==== DATA ====
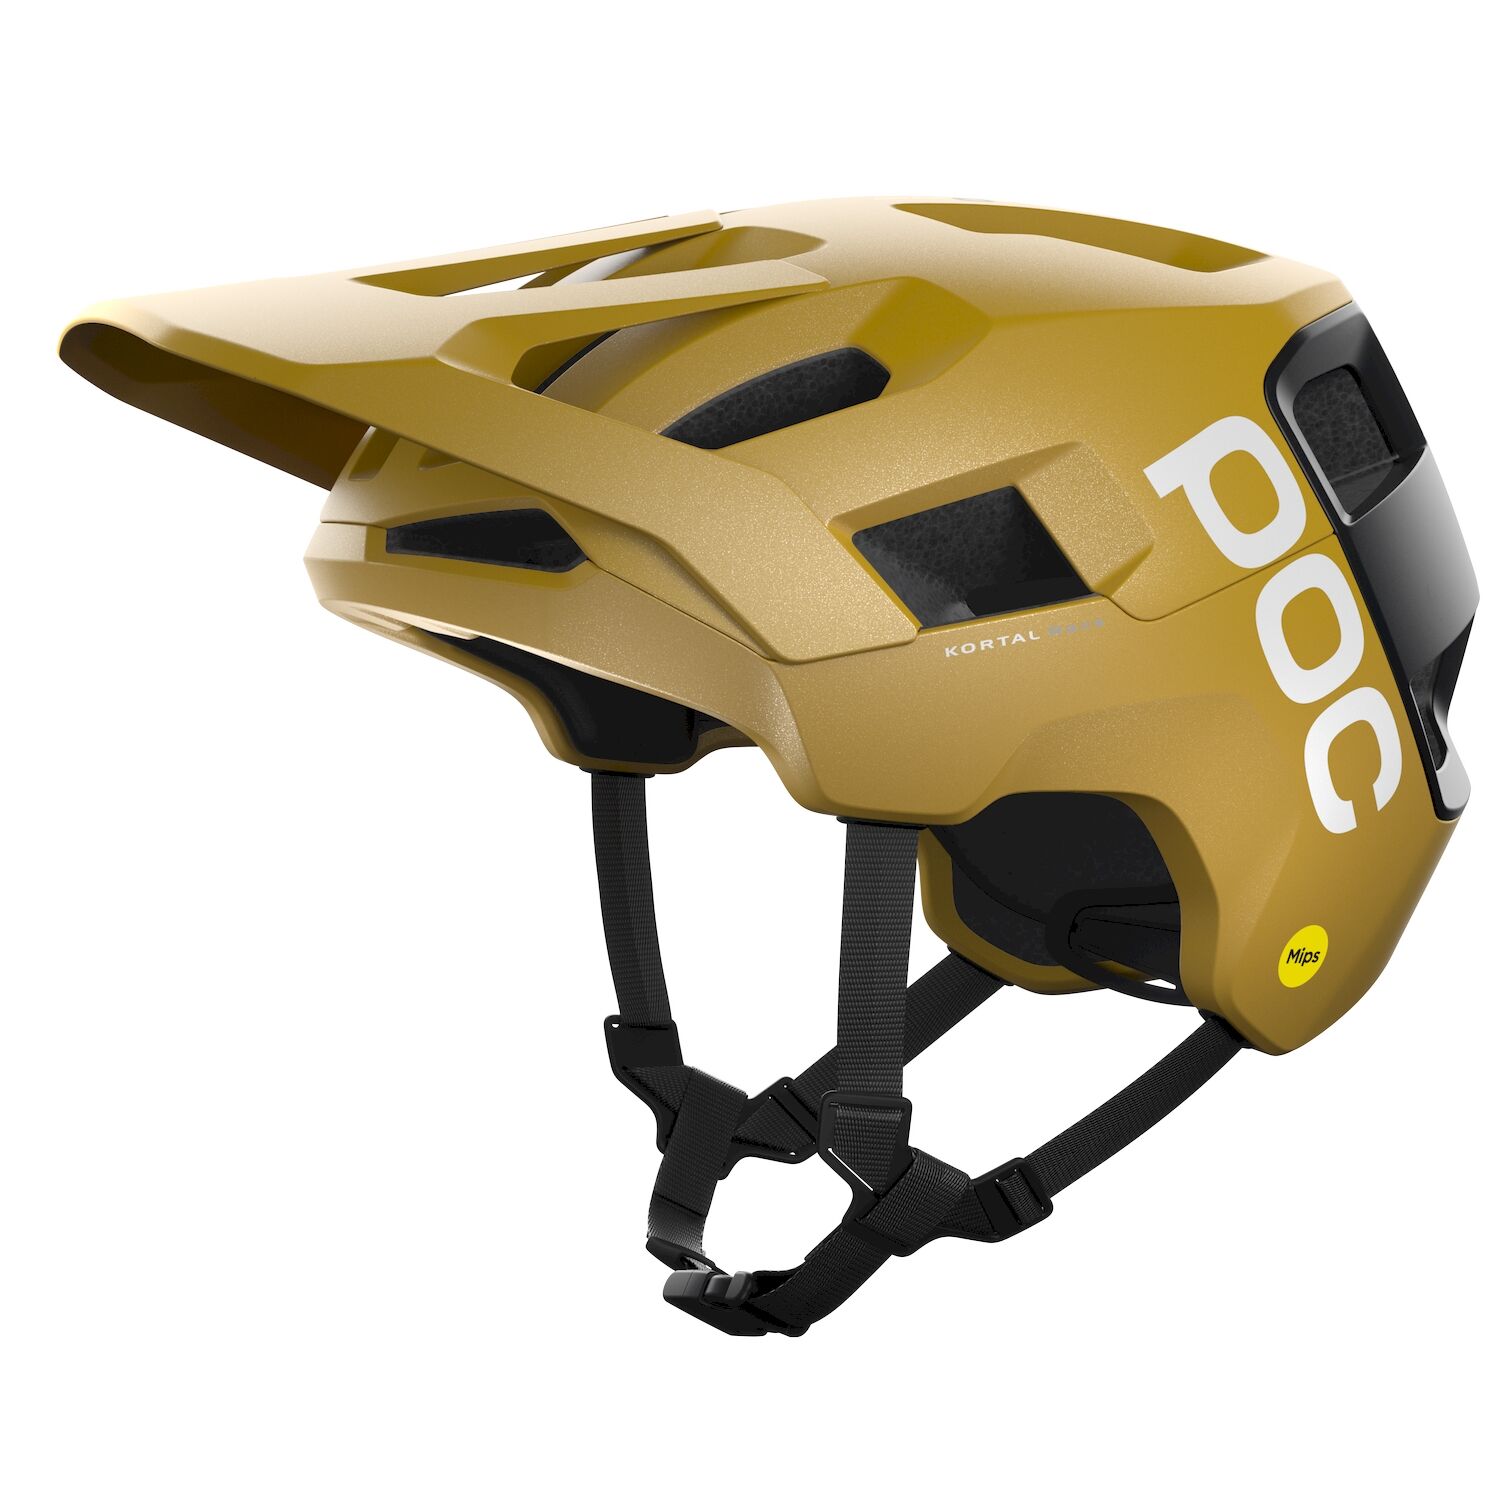 Poc Kortal Race MIPS - MTB-Helmet
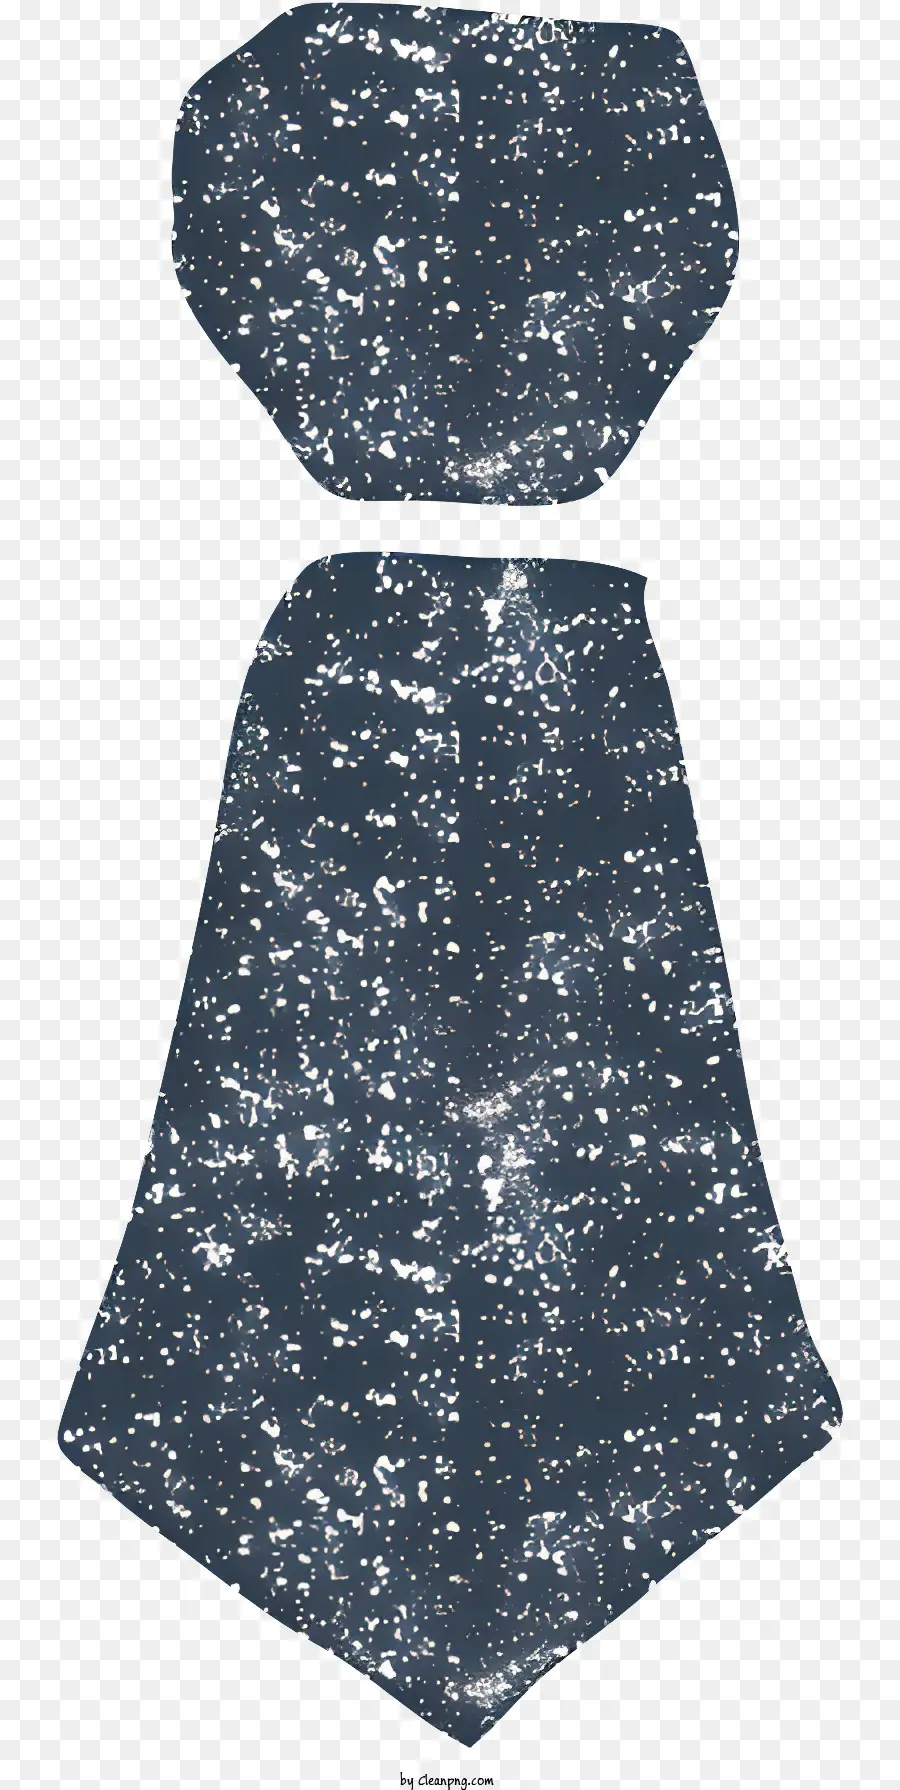 Icona Navy Blue Tovaglia geometrica Modello di dots bianco e nero Design della tovaglia - Tovaglie blu navy con punti bianchi e neri
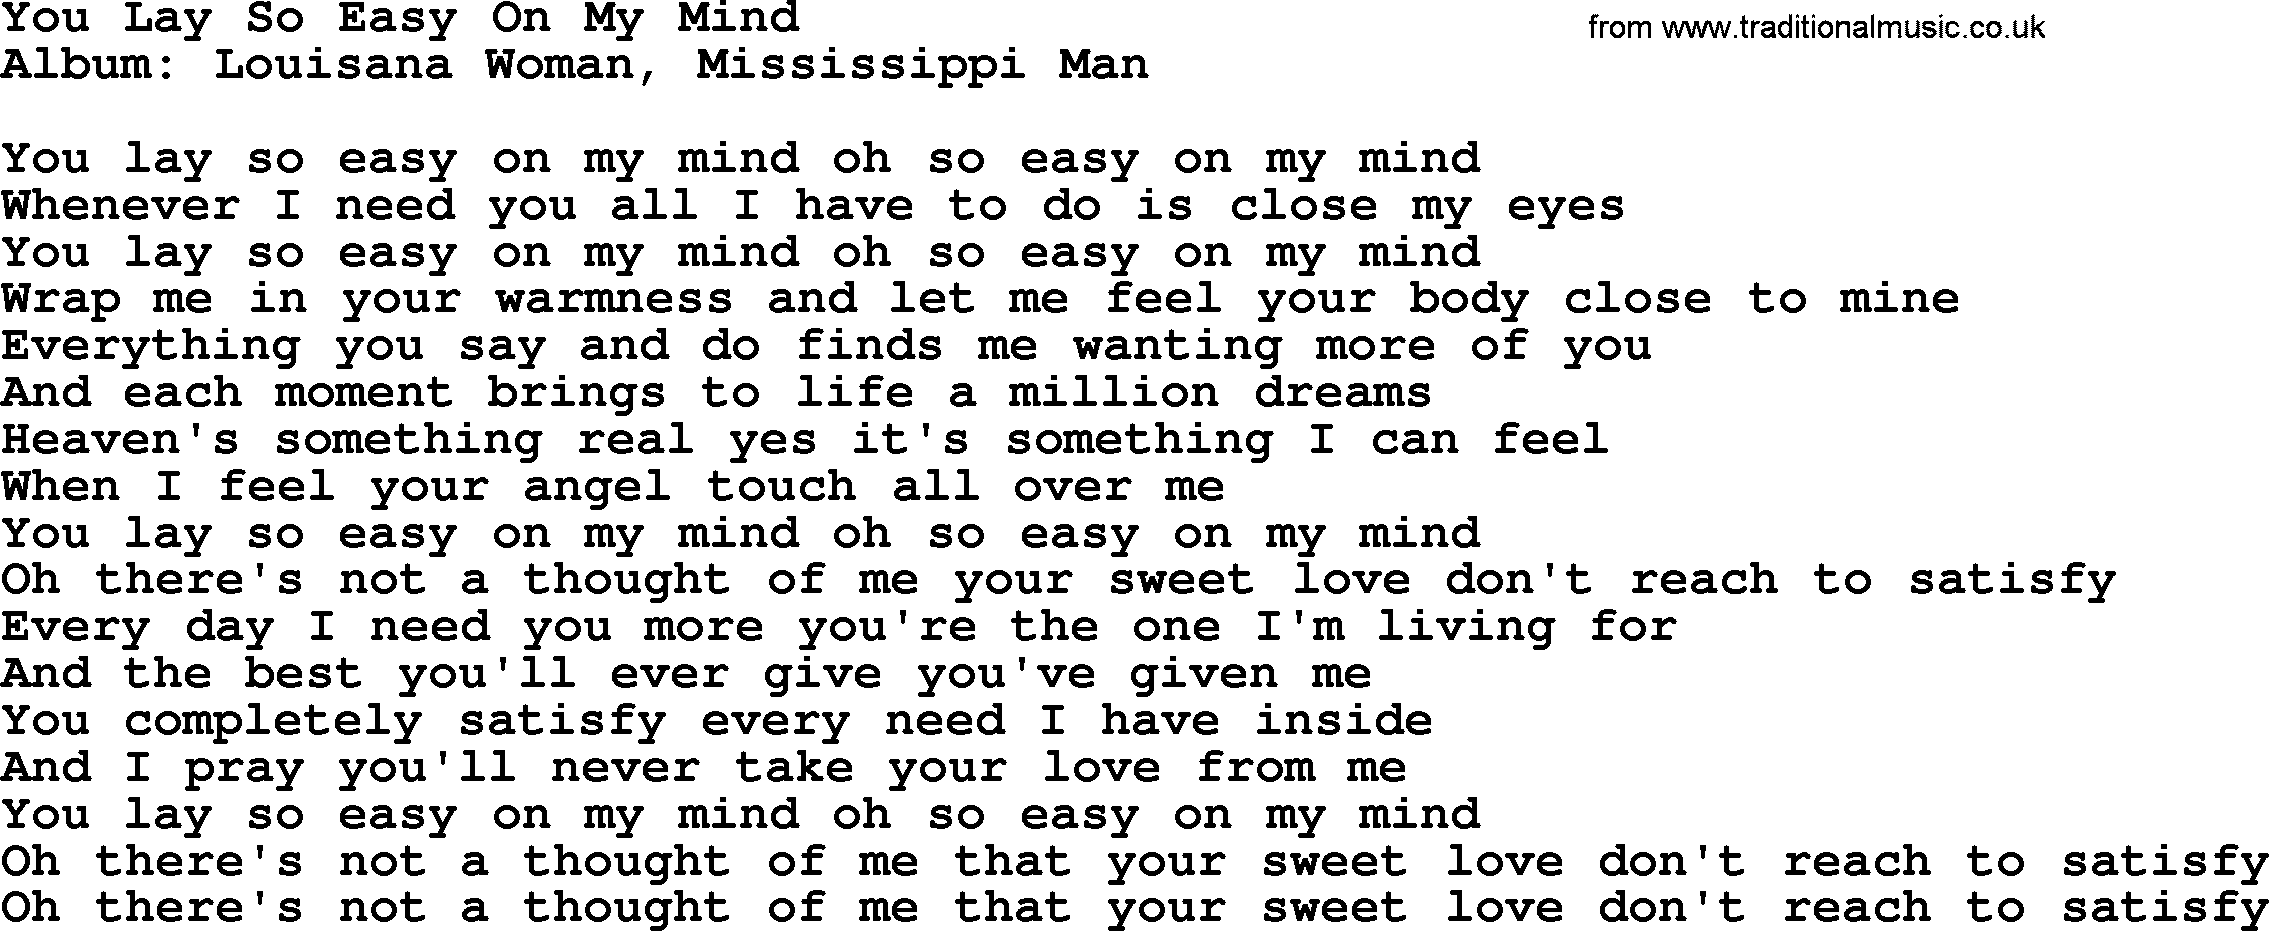 Loretta Lynn song: You Lay So Easy On My Mind lyrics
====
ABOUT THIS TASK:
Word-for-word output of the material above is needed, with the pictures left out.

WRITTEN ANSWER:
 Poc Kortal Race MIPS - MTB-Helmet
 Icona Navy Blue Tovaglia geometrica Modello di dots bianco e nero Design della tovaglia - Tovaglie blu navy con punti bianchi e neri
 Loretta Lynn song: You Lay So Easy On My Mind lyrics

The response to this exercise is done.